People want justice. The economist always adds this: at some price. People cannot get perfect justice in history. The quest for perfect justice is an expensive quest. This quest will bankrupt any society that attempts it.
People are willing to put up with minor injustices if they can attain peace. If they can pursue their lives without excessive interference, especially unpredictable interference, either from the government or from criminals, they will usually do this. But if their sense of injustice accumulates over time because of a seemingly irreversible increase of minor injustices, people will begin to change their behavior. They will no longer cooperate with the government, and in this refusal, they will find that they cannot cooperate predictably with other people. This is why an increase of injustice will eventually be reversed. The personal cost of putting up with injustice continues to escalate. At some point, there will be a tipping point. The public will cease to use self-government in their affairs. So, there is a self-destructive, self- reversing aspect of every system of injustice in the civil government’s legal system that does not have ways of self-reform. It will be reformed by people outside the system: either invading armies or revolutionaries.

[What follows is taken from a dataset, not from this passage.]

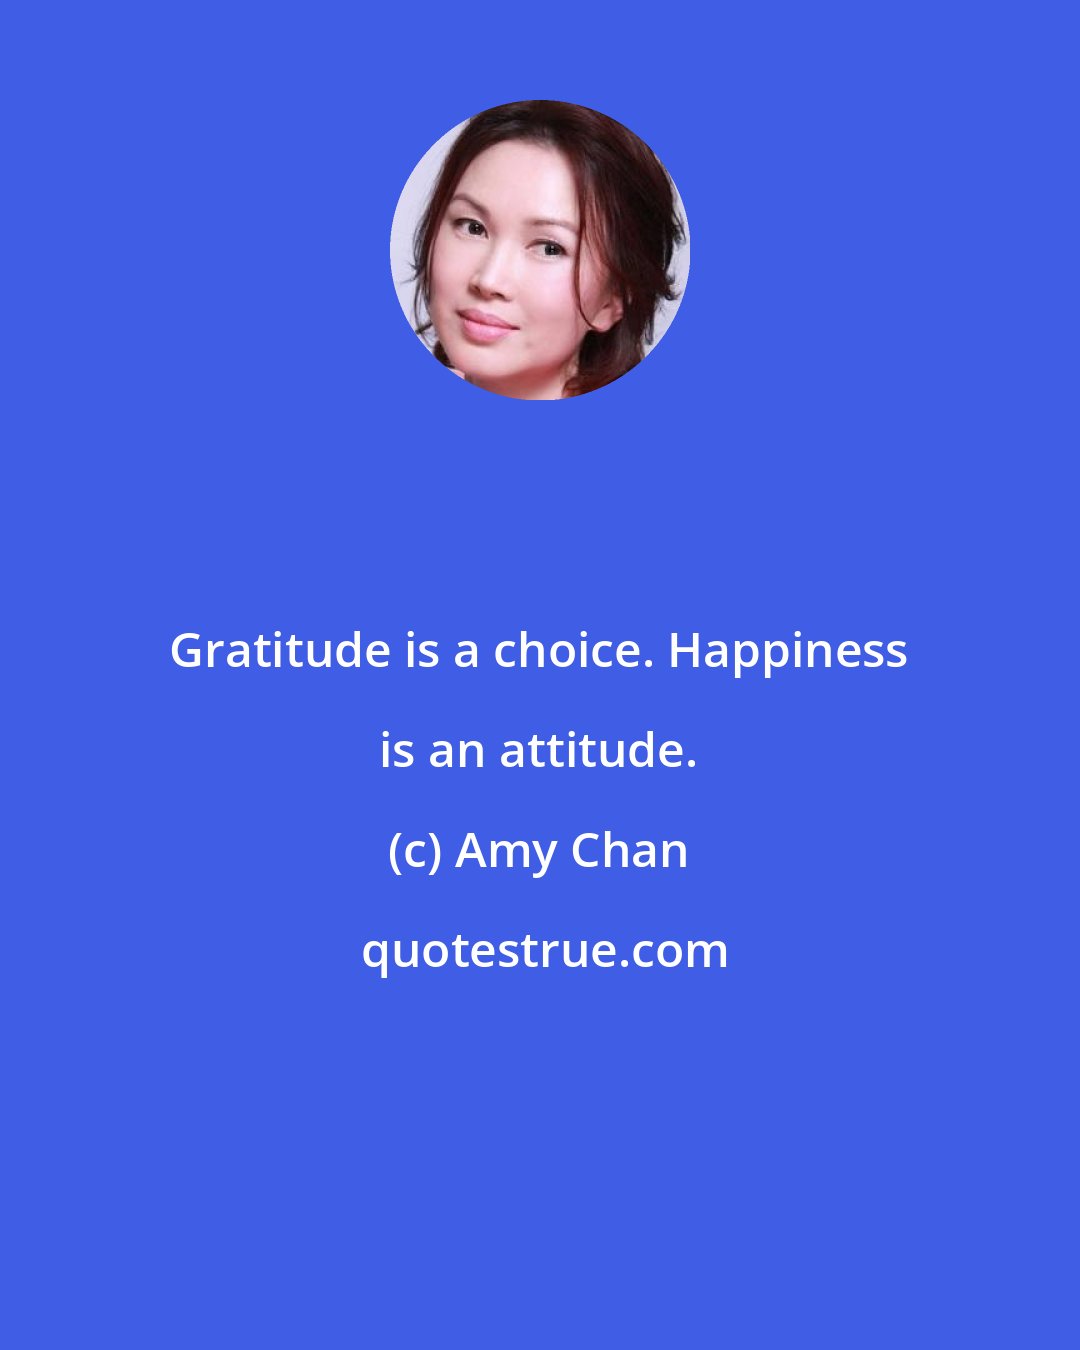 Amy Chan: Gratitude is a choice. Happiness is an attitude.
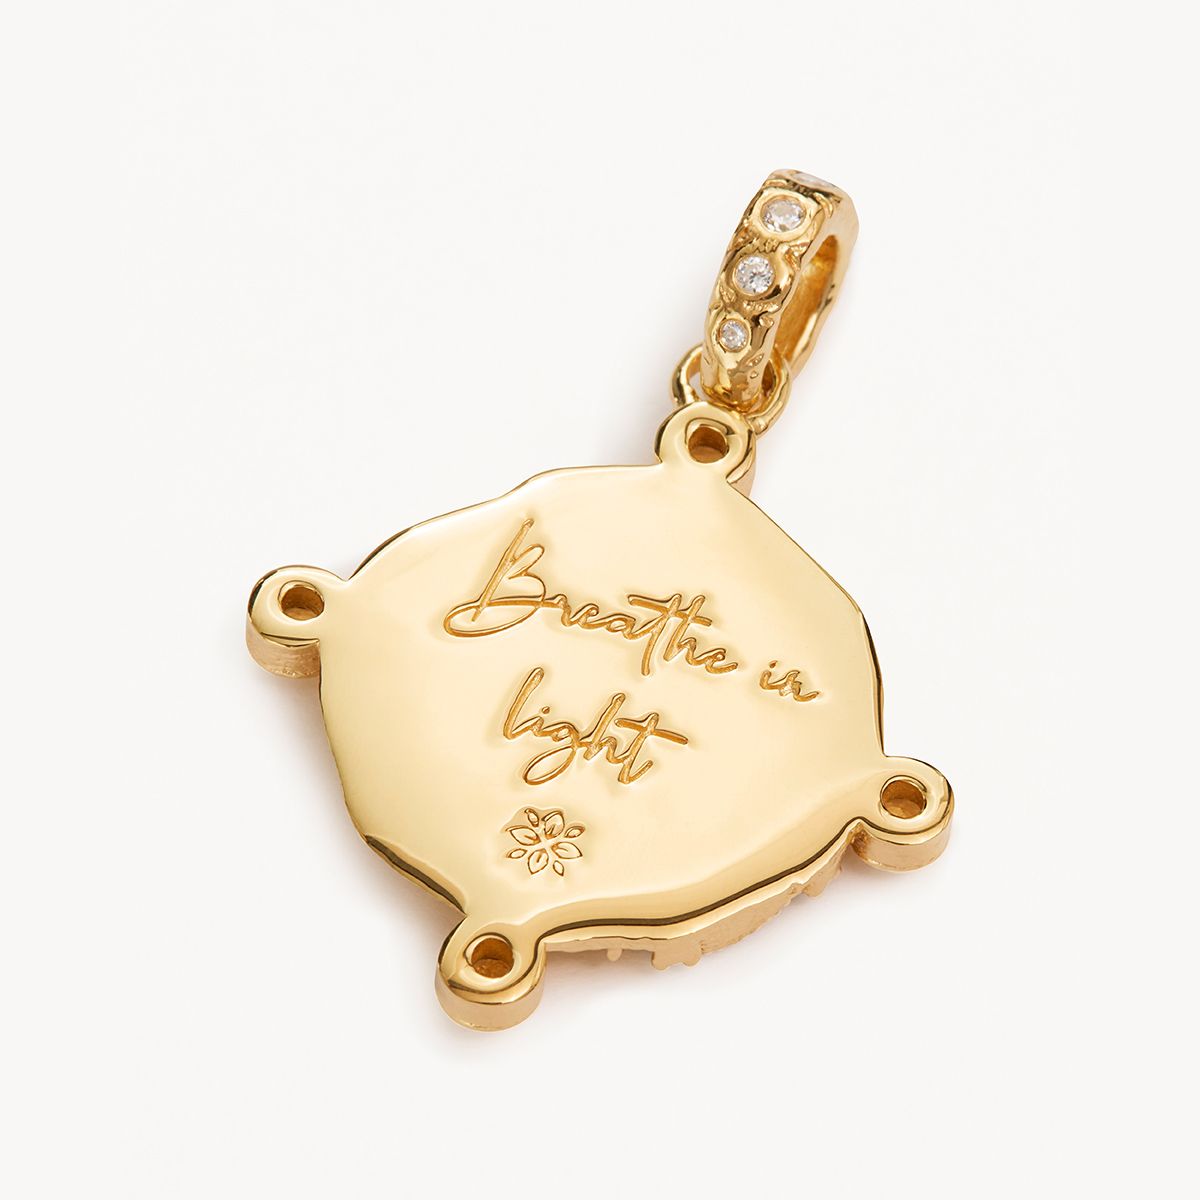 By Charlotte Breathe In Light Annex Necklace Pendant, Gold or Silver

Tyranny has built-in limits: boundaries. This is not visible to those living in tyrannical societies, but tyrannical regimes do not survive. The social world is a created world, and God is in charge of it. He has created it in such a way that there are built-in limitations on the extension of state power. The famous 1887 statement by Lord Acton is clever: “All power corrupts, and absolute power corrupts absolutely.” It was a sentence in a private letter. It is incorrect. Not all power corrupts, if by power we mean delegated authority. Also, long before political power becomes absolute, its own corruption undermines it. God has absolute power; no one else does. God is trustworthy. Absolute power does not corrupt Him. The quest for absolute power by covenant-breakers always backfires. I know of no piece of literature in the ancient world that rivals the fifth chapter of Amos in this regard. If you are ever tempted to despair about the drift of politics, read that chapter. Meanwhile, this is our command: “Instead, let justice flow like water, and righteousness like a constantly flowing stream” (Amos 5:41). Here is the biblical outcome of systematic covenant-breaking by those with power: “So the word of the Lord will be to them command upon command, command upon command; rule upon rule, rule upon rule; here a little, there a little; so that they may go and fall backward, and be broken, ensnared, and captured” (Isaiah 28:13).